Records contained in a dataset

((

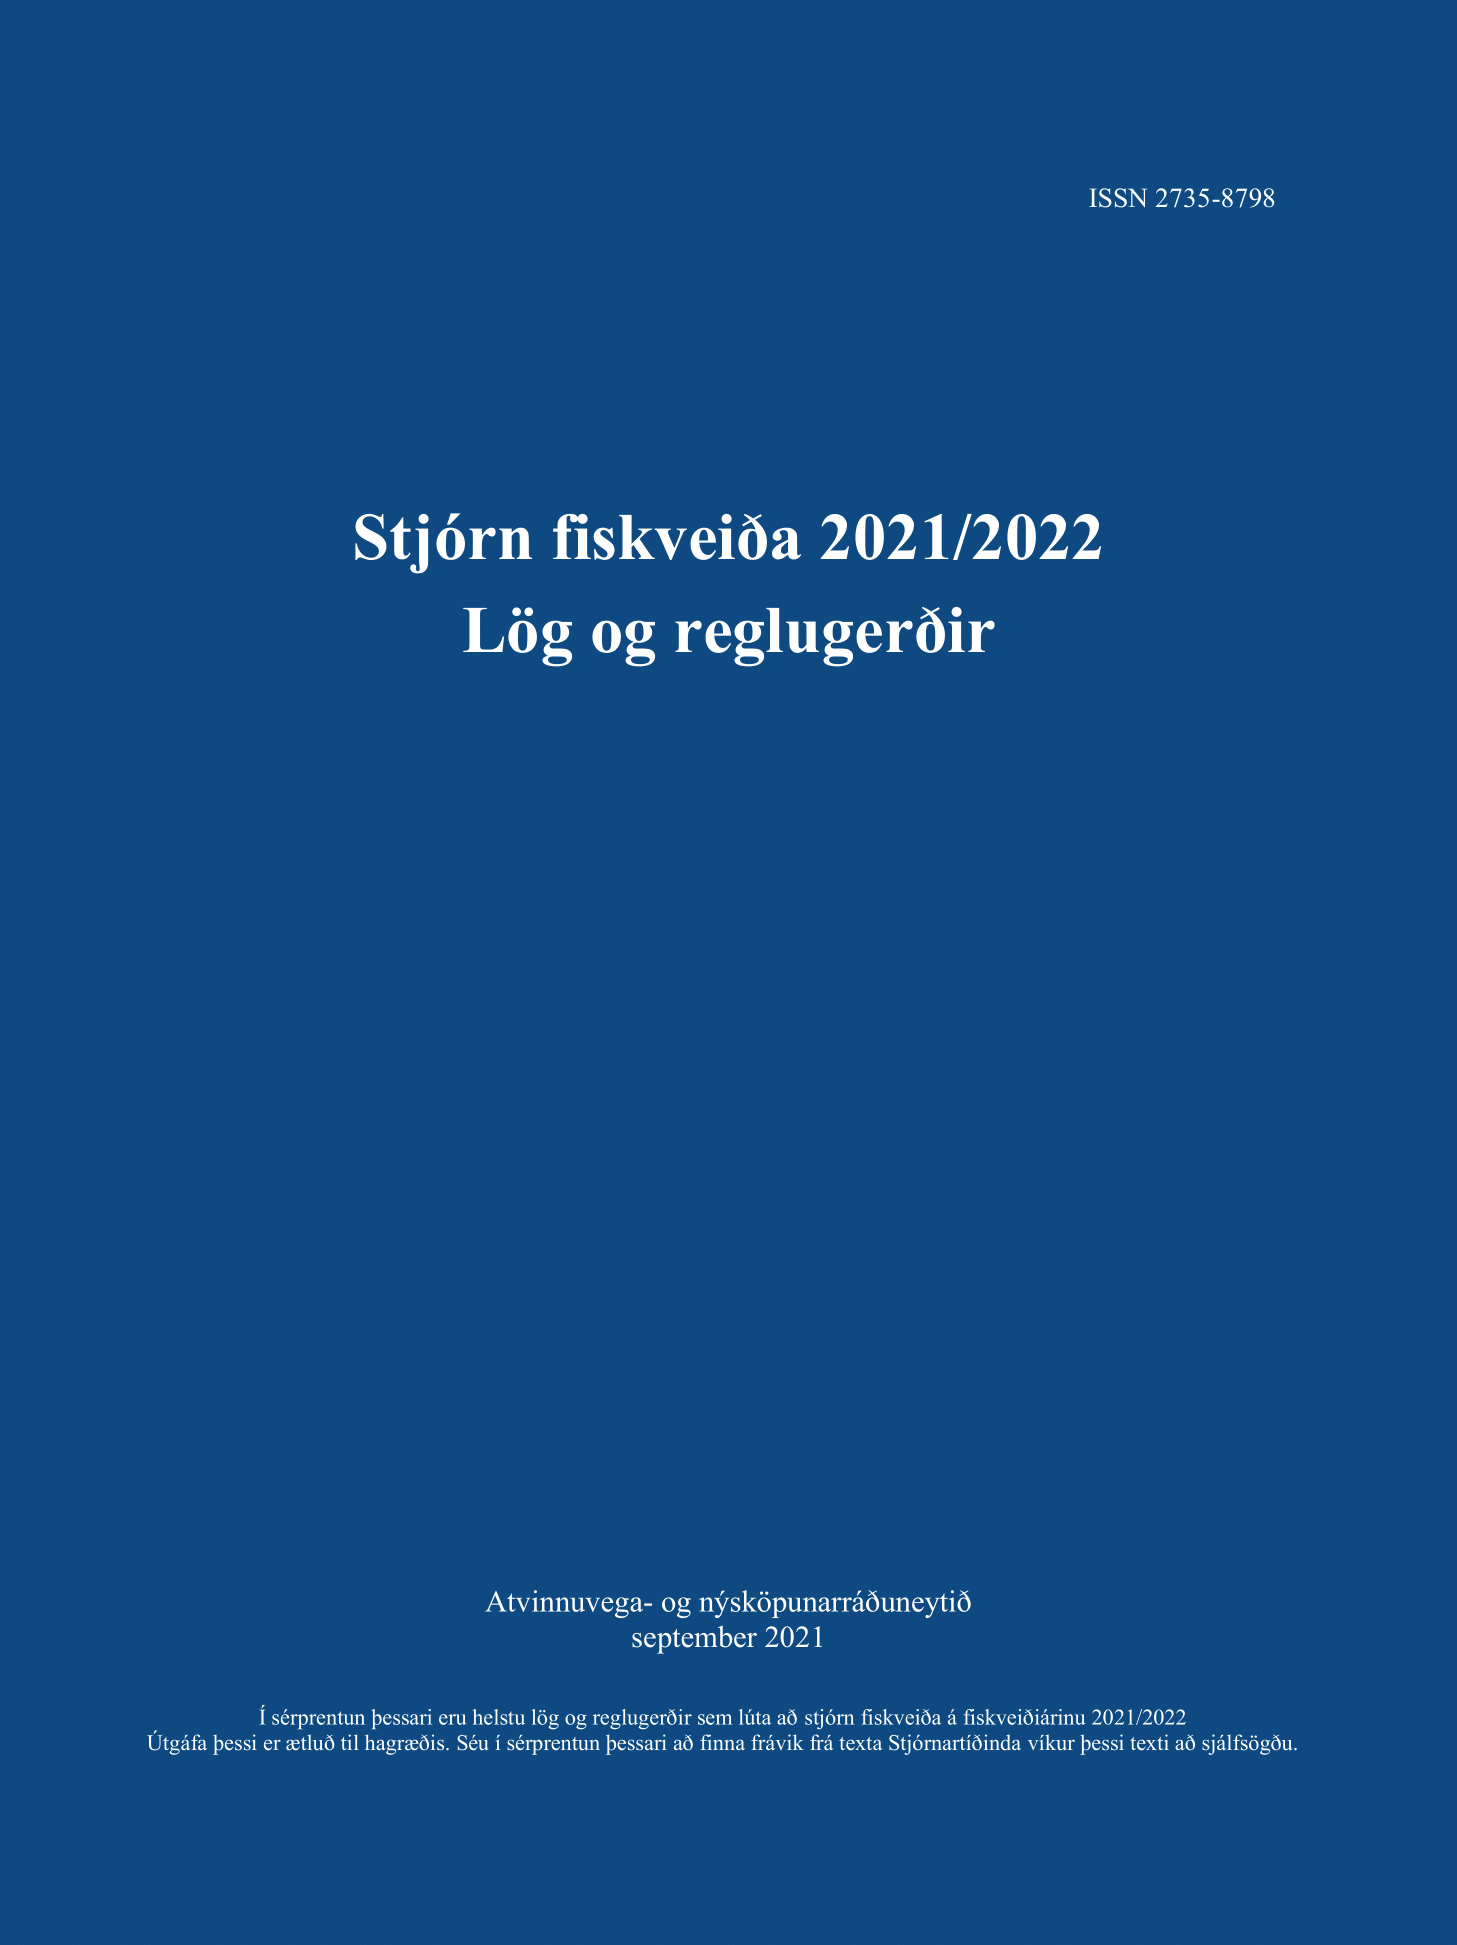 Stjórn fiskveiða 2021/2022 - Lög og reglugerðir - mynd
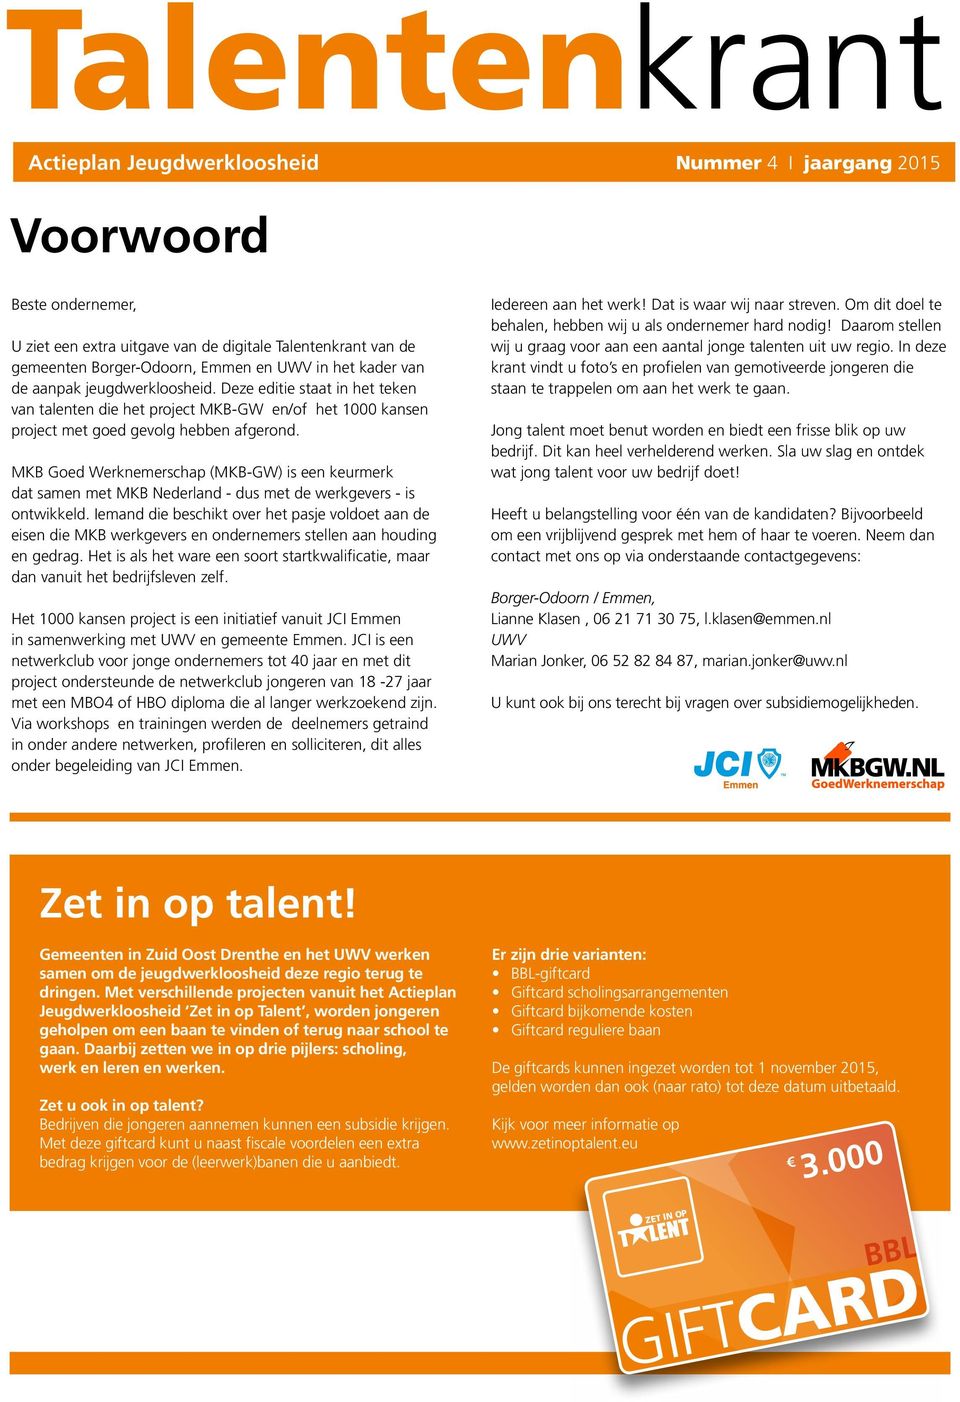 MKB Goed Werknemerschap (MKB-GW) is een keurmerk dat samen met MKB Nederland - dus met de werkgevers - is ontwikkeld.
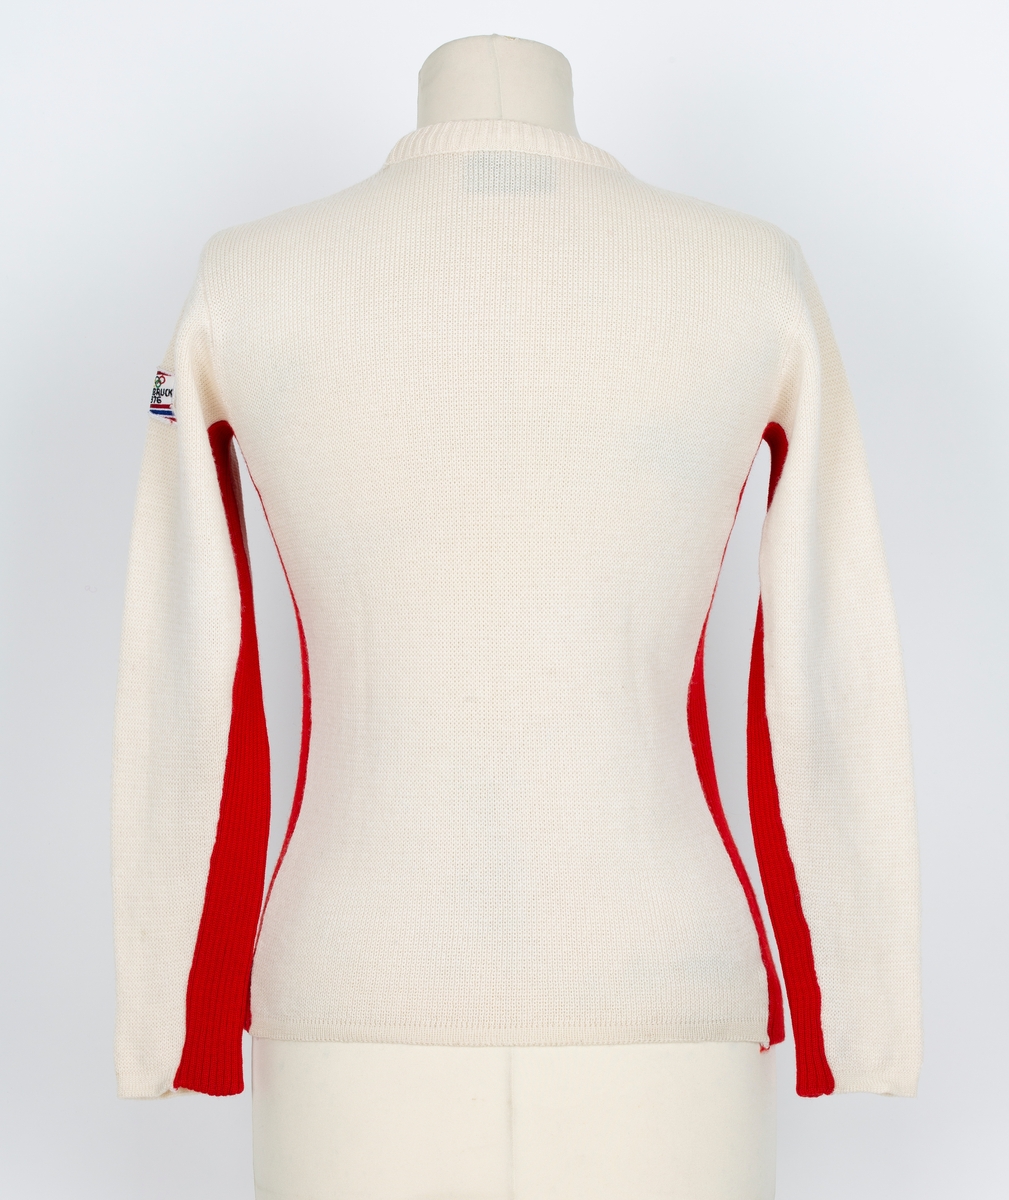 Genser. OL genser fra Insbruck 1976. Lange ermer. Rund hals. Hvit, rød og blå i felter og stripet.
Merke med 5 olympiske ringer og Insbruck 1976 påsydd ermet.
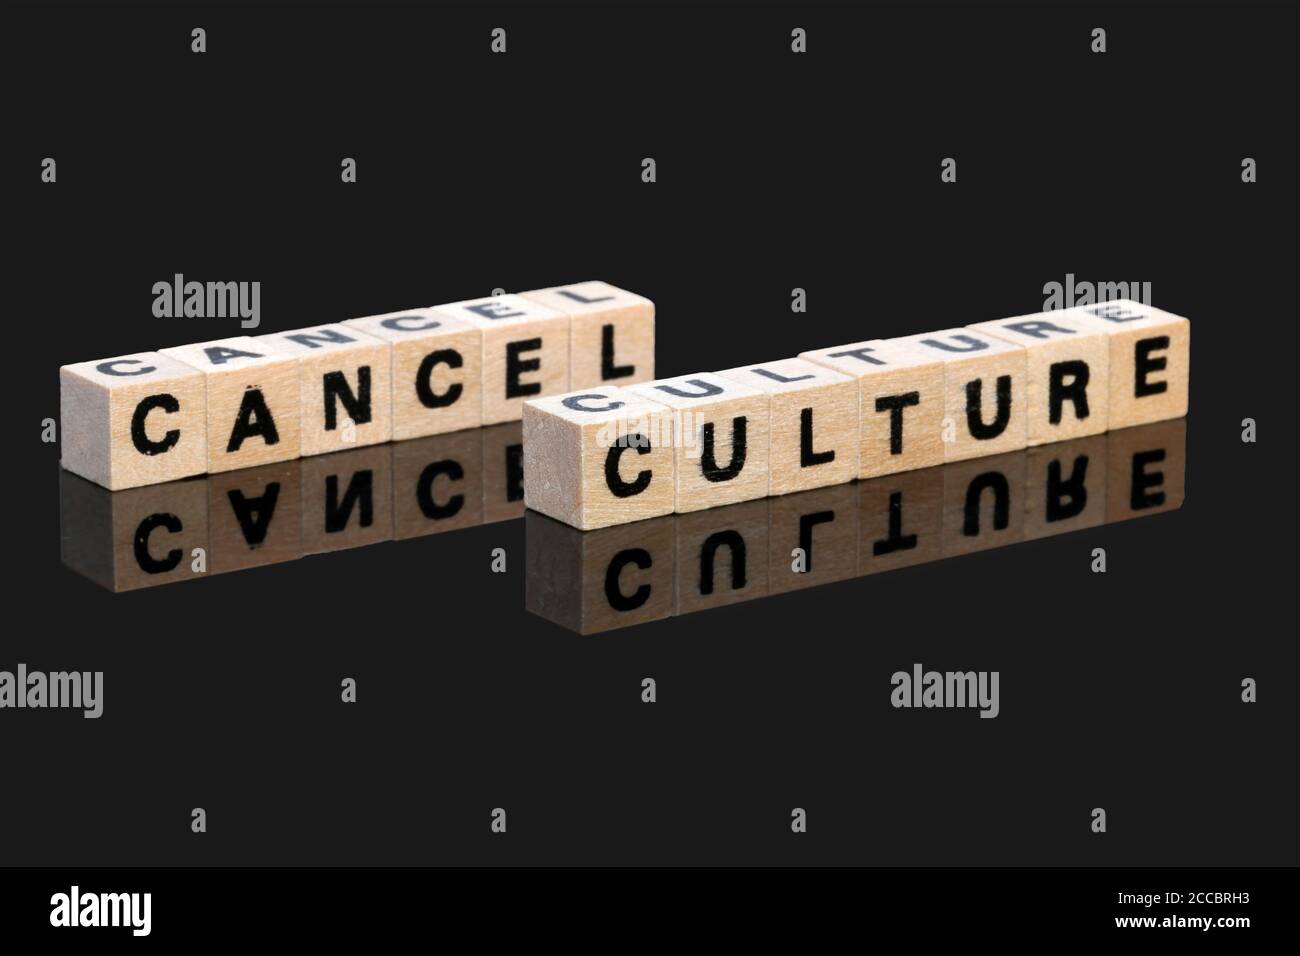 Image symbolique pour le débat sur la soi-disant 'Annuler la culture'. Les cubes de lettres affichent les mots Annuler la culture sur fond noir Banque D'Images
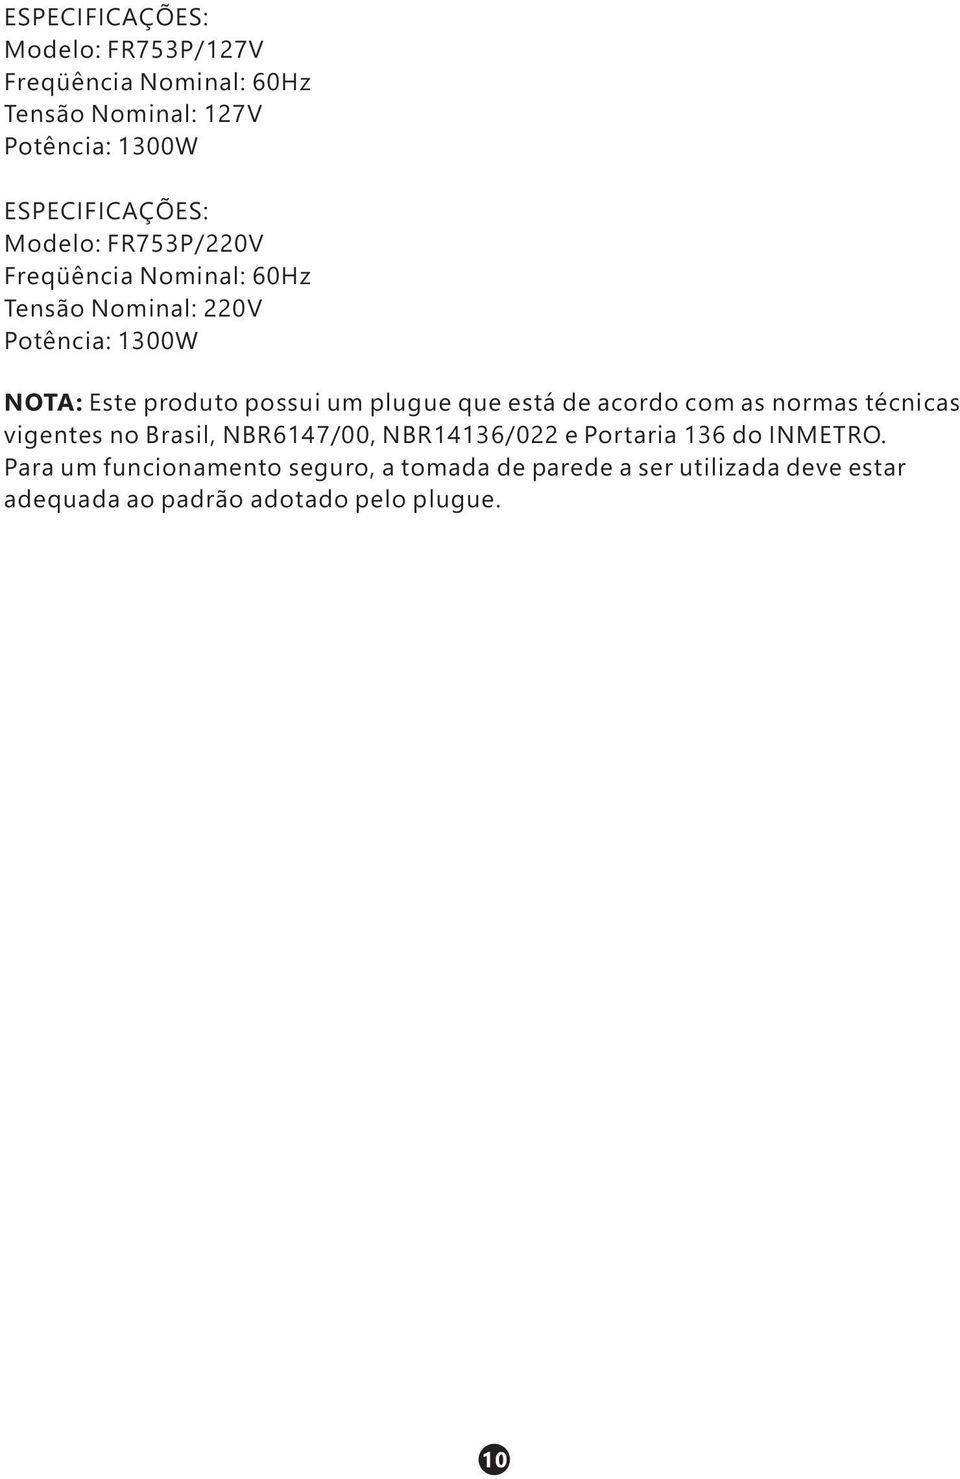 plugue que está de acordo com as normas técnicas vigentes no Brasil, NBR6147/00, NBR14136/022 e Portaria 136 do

))

Give again, please, precisely the lines that begin the records and run through the line with "Genser. OL genser" in it, keeping both end lines and dropping any pictures.

 Stjórn fiskveiða 2021/2022 - Lög og reglugerðir - mynd
 MKB Goed Werknemerschap (MKB-GW) is een keurmerk dat samen met MKB Nederland - dus met de werkgevers - is ontwikkeld.
 Genser. OL genser fra Insbruck 1976. Lange ermer. Rund hals. Hvit, rød og blå i felter og stripet.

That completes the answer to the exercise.